When we set out to design Kaldea, including its single DAG based scheduler, we interviewed 100+ data scientists, data analysts, and data engineers to understand the pain points in their day-to-day data analysis workflow. We identified several pains that Kaldea sets out to solve:

  • Lack of context
  • Disconnection between data assets
  • Dependency on multiple tools, becomes a bottleneck to fast, simple, and even fun analysis
  • At the same time, we also spotted a gap in creating schedules.

Today inside companies

We learned about two major approaches companies have chosen to manage schedules:

  • An internal process-based ticketing system, in which analysts and scientists make a request to data engineers
  • A more distributed system, in which data engineers empower data analysts and scientists to use Airflow (or other workflow manager) to create and manage schedules

The ticketing system: analyst and system request to data engineering

The first approach, the internal ticketing system, was mainly chosen for

  • governance
  • because there were enough data engineers to support it
  • because it was difficult to enable teams outside of data engineering to manage schedules through Airflow

Empowering the analyst and scientist to use Airflow

The second approach was mainly driven by

  • a lack of data engineering resources
  • because the data leader was willing to enable a larger audience to replicate data engineer’s existing responsibilities of managing schedules

The second approach allows data engineers to focus more heavily on work related to extraction and load, while scientists and analysts manage transformation. In fact, when we interviewed data engineers, they viewed job scheduling as a secondary part of their role, not contributing to their career, and, essentially, rote labor being neither difficult nor creative.

So why would the same work be of value to data scientists and analysts, even if it is more directly related to their work? How is it valuable for data scientists and analysts to write better python to manage multi DAG dependency, when it isn’t for data engineers?

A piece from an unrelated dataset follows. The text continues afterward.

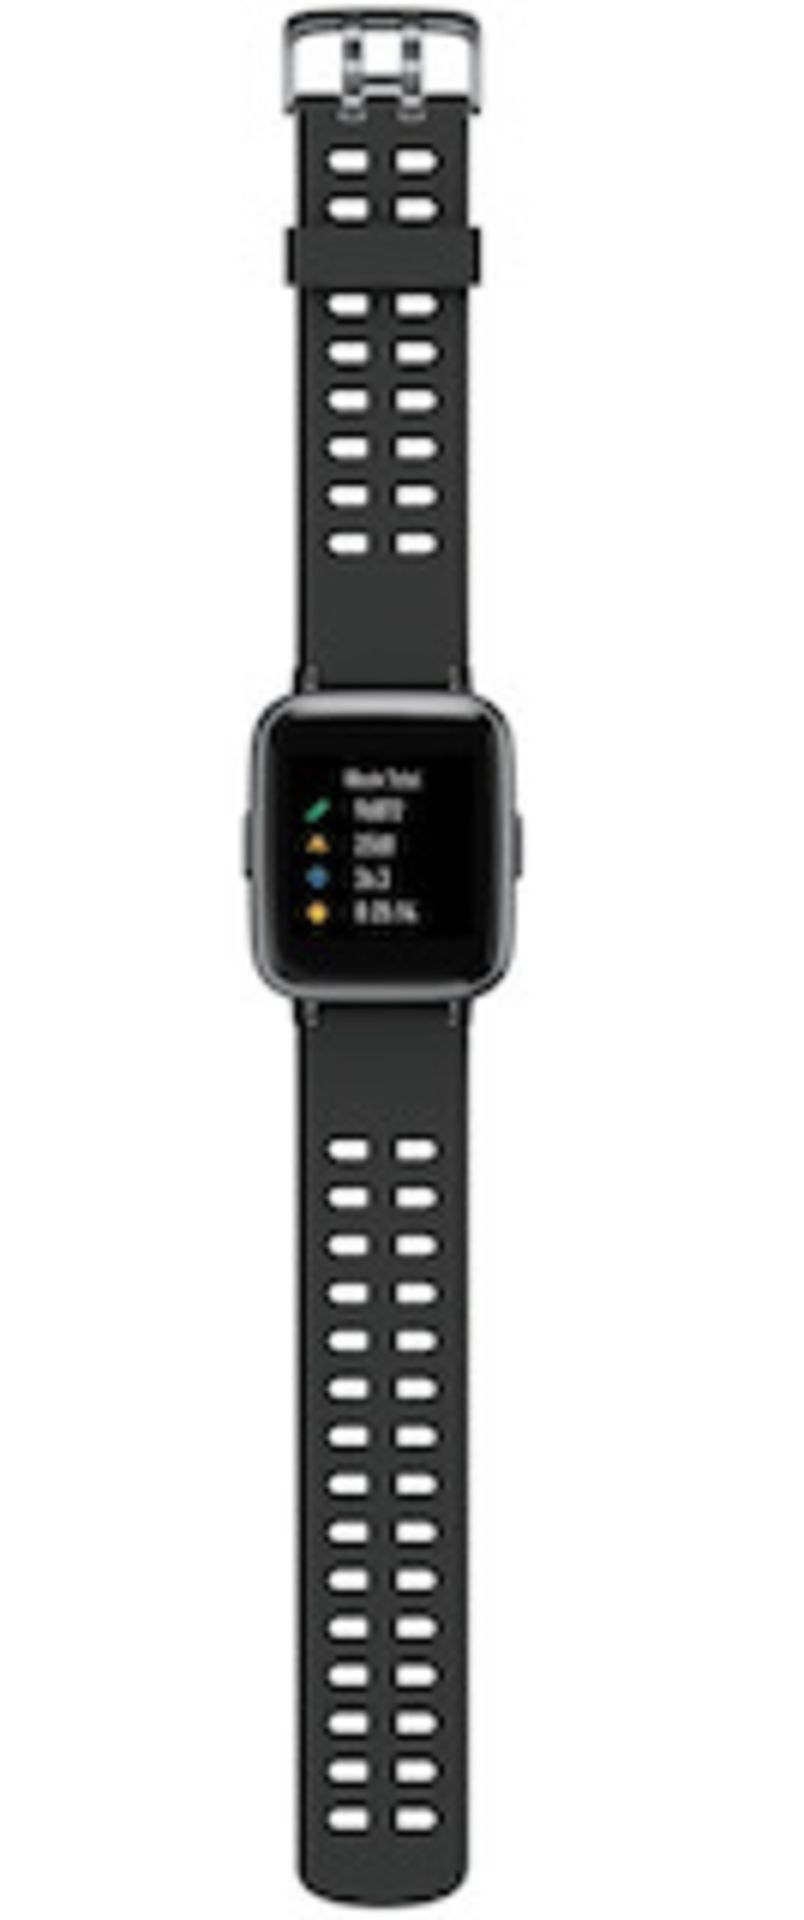 Brand New Unisex Fitness Tracker Watch Id205 Black Strap About This Item 1.3-Inch LCD Colour - Image 10 of 30

Automating commoditized administrative scheduling for databases

The more we looked into it, job scheduling seemed like complex but commoditized administrative work that should be automated as much as possible. So we created a DAG job scheduler for databases that is both SQL and UI based, where a multiple job dependency is automatically managed because we designed a single DAG job scheduler.

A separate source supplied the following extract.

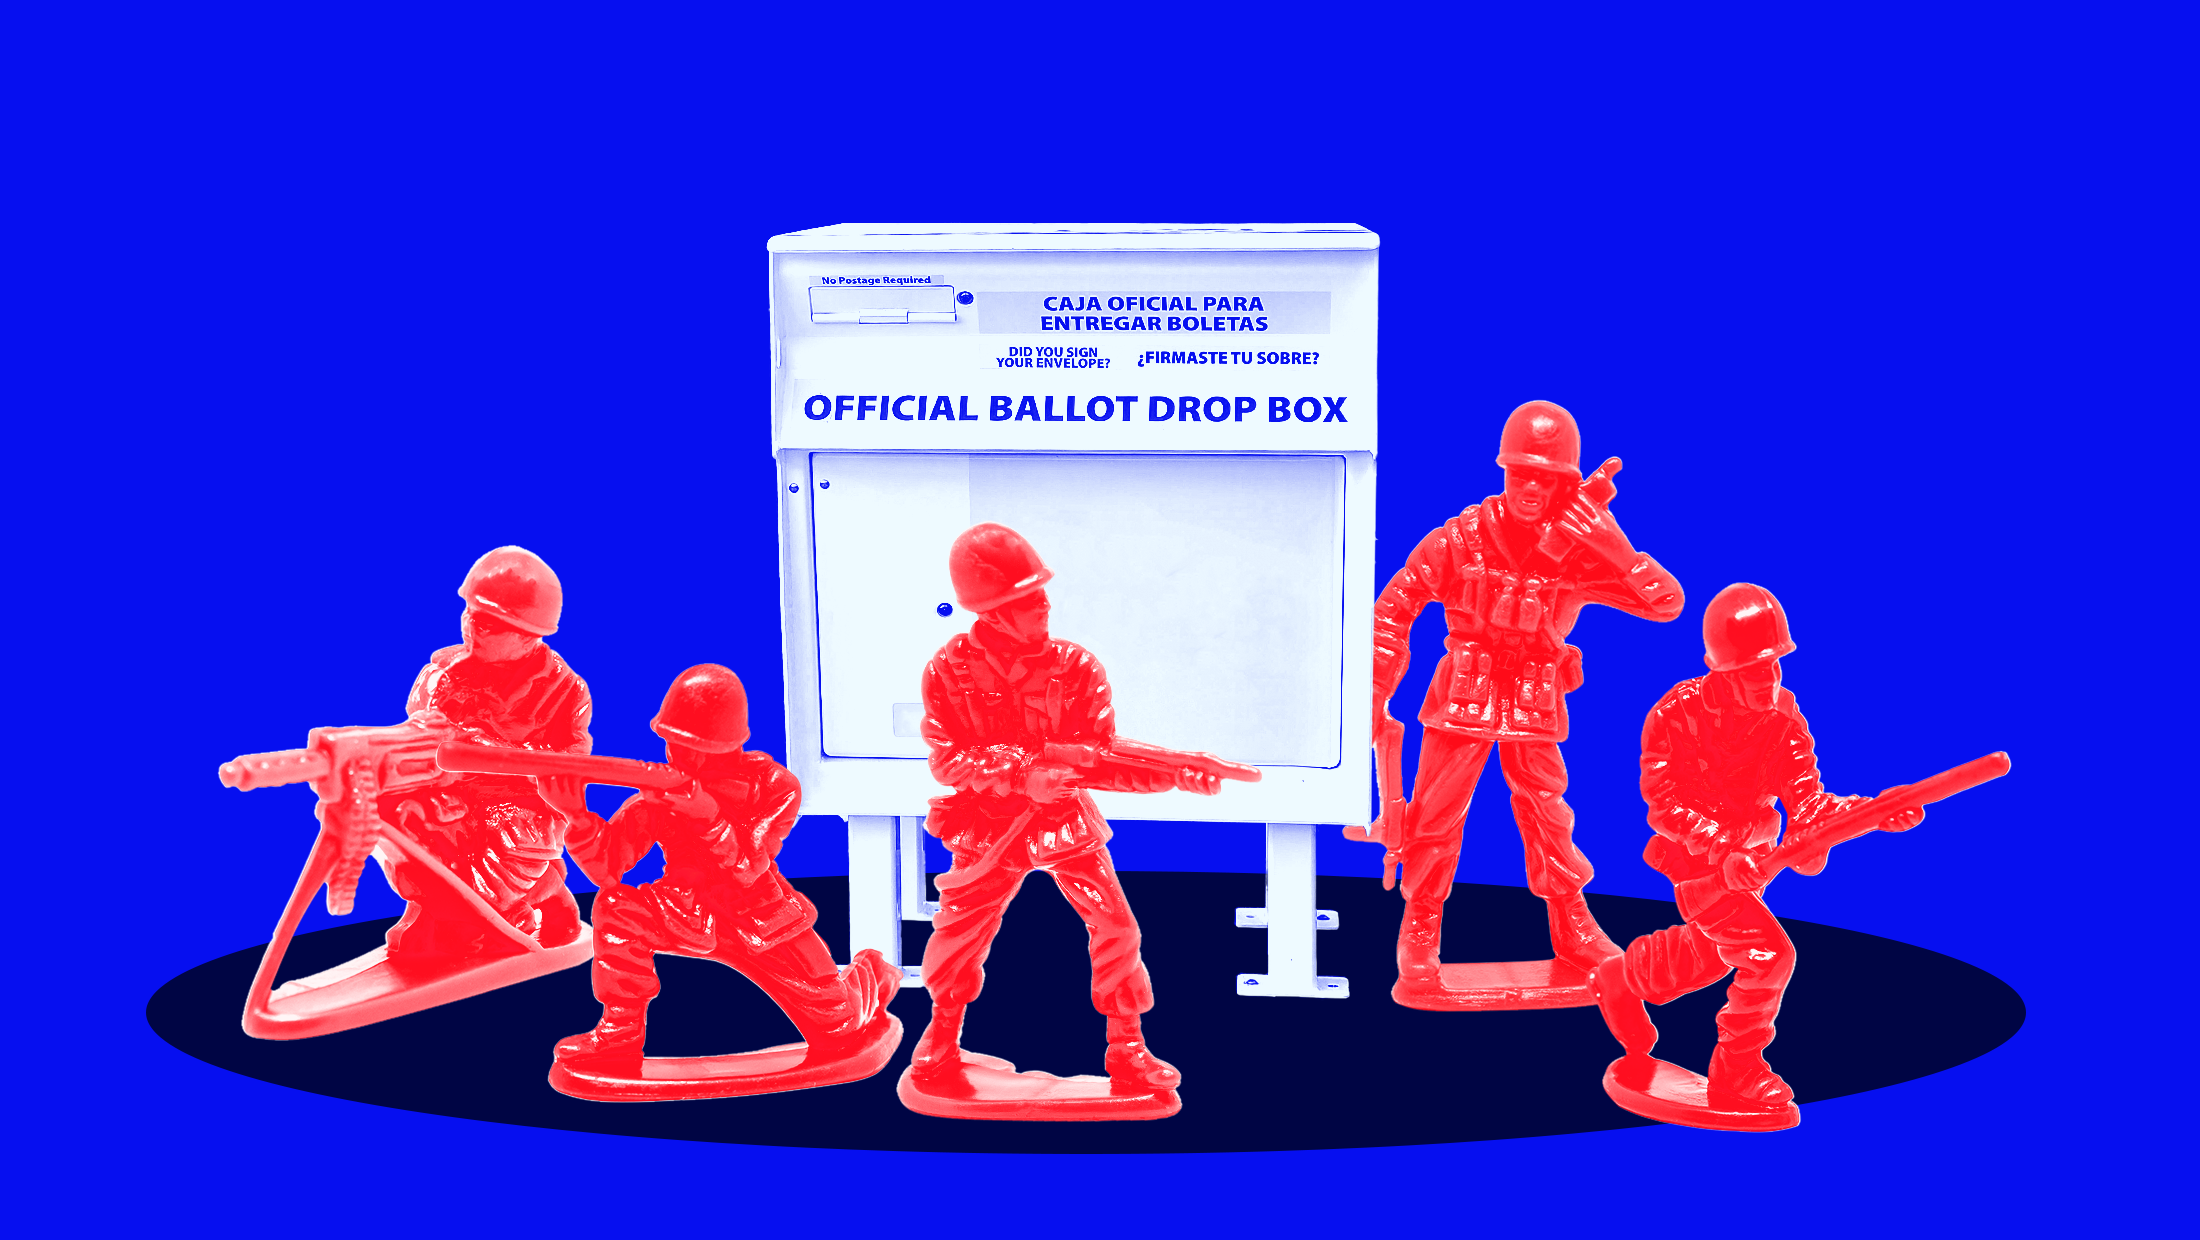 Red toy plastic soldiers gaurding a ballot drop box.

Comparison between Airflow and Kaldea’s single DAG based scheduler

In the rest of this article, then, we’ll compare job scheduling in Airflow to Kaldea’s single DAG based scheduler. There are several alternatives to Airflow but we’ve Airflow is the most commonly used and the most representative.

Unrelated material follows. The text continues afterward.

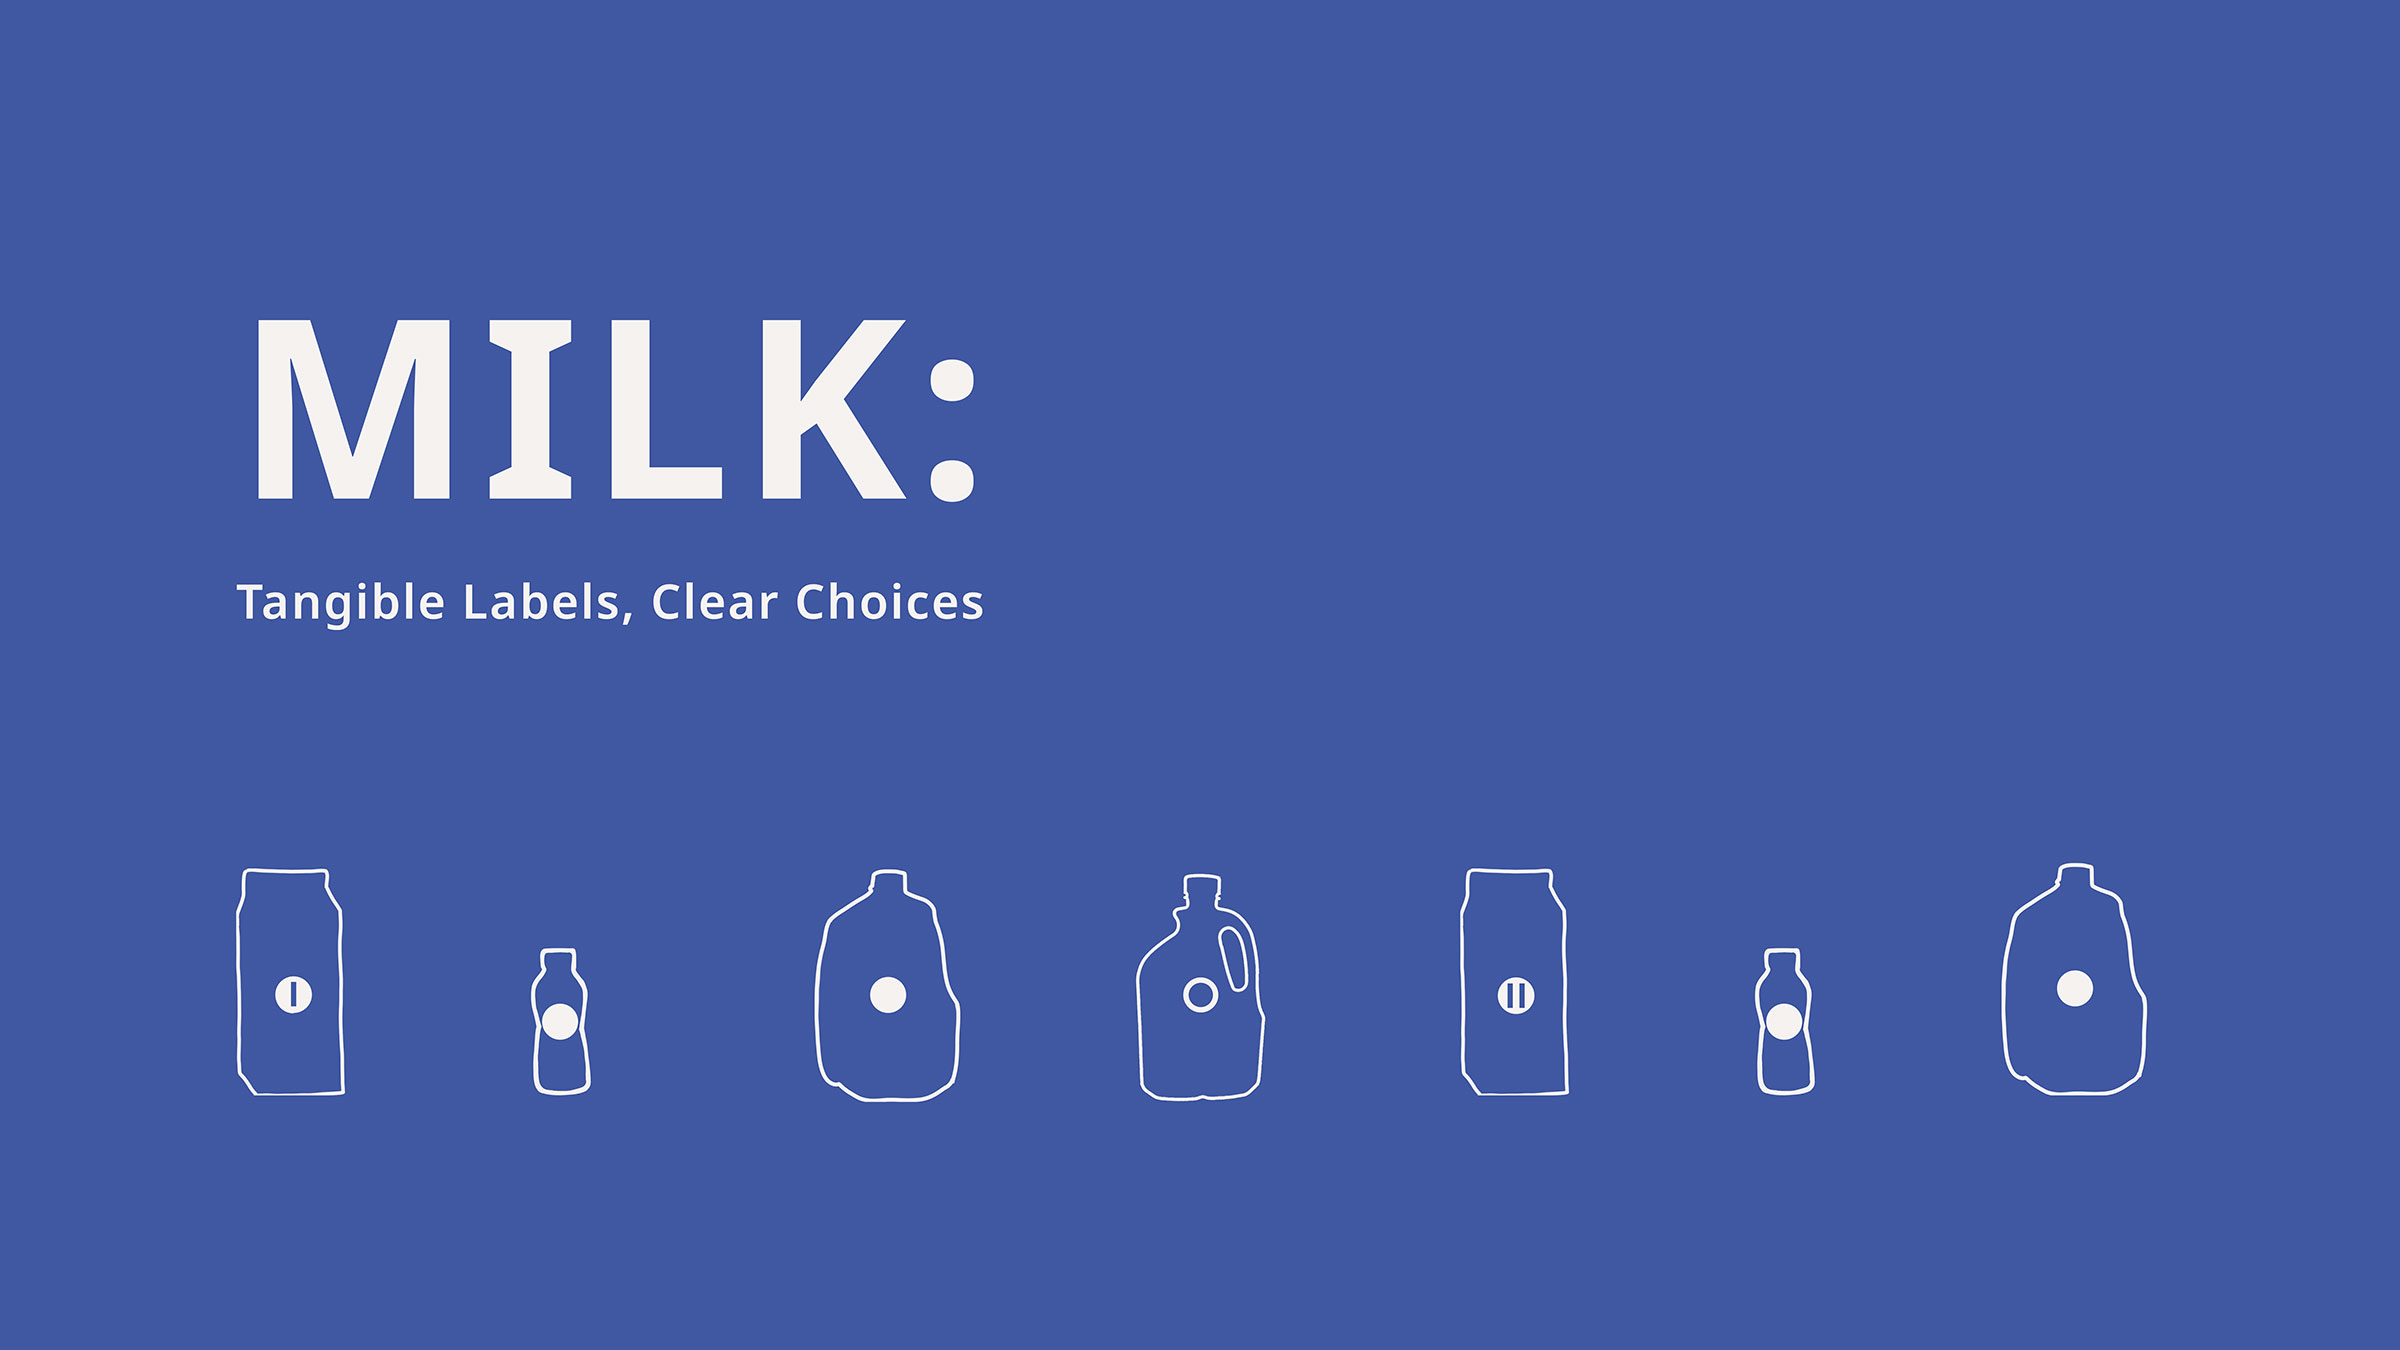 Slide deck cover page. Title: Milk. Subtitle: Tangible Labels, Clear Choices.

Airflow for your data work

Pros

  1. General purpose: Airflow can be used for any type of scheduling.
  2. Well-known: Airflow has a large support community and comes with an easy learning curve for new employees who probably already have used it at their previous companies.
  3. Large ecosystem of drivers and plugins: Airflow has a wide variety of libraries that allow you to implement scheduling with multiple systems (e.g. BigQuery).
  4. Large coverage: Airflow can be utilized to cover not just scheduling but also data quality management.

Cons

  1. All code based: All of the pros above are based on you writing code, and sometimes very well.
  2. High barrier to entry for non-coders: For non-coders, the entry barrier can be quite steep and resource intensive to support.
  3. Designed for developers: While this may be less concerning when it comes to its focus area, it is clear Airflow is and will continue to be made for developers. It isn’t designed for data scientists or analysts.
  4. Quality variance: Airflow itself does not have an issue with quality variance, but the variance in quality will depend on who writes the code.
  5. Dependency management: Airflow is a great tool for managing single job dependencies but it is extremely difficult to understand multiple job dependencies. This becomes even harder with varying code quality and styles. In addition, Airflow itself does not guarantee that dependencies work according to plan. Especially when there are multiple job dependencies, your code needs to guarantee that the dependencies work according to plan.

Kaldea’s scheduler

Ready to offload administrative scheduling for your database and outsource multiple dependency management to Kaldea?

Pros

  1. Ease of use and SQL base: Kaldea’s scheduling is based on SQL — no other programming is needed. In addition, scheduling is managed through our friendly user interface.
  2. Average quality for scheduling is high: Ease of use also means fewer errors! Fewer errors mean that the average quality of jobs created is high. (Check out the 10-second demo!)
  3. Multiple job dependency management: Kaldea does the tracking for you when it comes to multiple job dependencies and, therefore, makes job validation easy.
    - We view the entire job (relating to databases) of a company as one large DAG. Each separate job on Kaldea is a sub-DAG.
    - The one large DAG design allows Kaldea to guarantee DAG based total order.
    For example, if you have Job A scheduled for 10:00 and a dependent Job B scheduled for 10:15, Kaldea will detect the dependency and ensure Job B runs after Job A, even if that means that Job B starts at 10:20. In Airflow, you are responsible for creating the validation logic (sensor). In Kaldea, we do it for you.
Multiple schedule dependency, automatically managed!
  1. Performance: Kaldea relies on your DWH or DataLake, so you are free from the setup and can have high reliability.

Cons

  1. Not built for general purpose: Kaldea currently supports database related jobs only. We do have plans for a wider purpose product but today you will have to use Airflow for other purposes.
  2. New to the market: Kaldea’s job is easy to learn and utilize with high average level of quality; however, it is still a new tool to adapt. In addition, compared to existing tools like Airflow, Kaldea lacks a wide audience of references.
  3. Data validation: Kaldea does not yet have data validation embedded.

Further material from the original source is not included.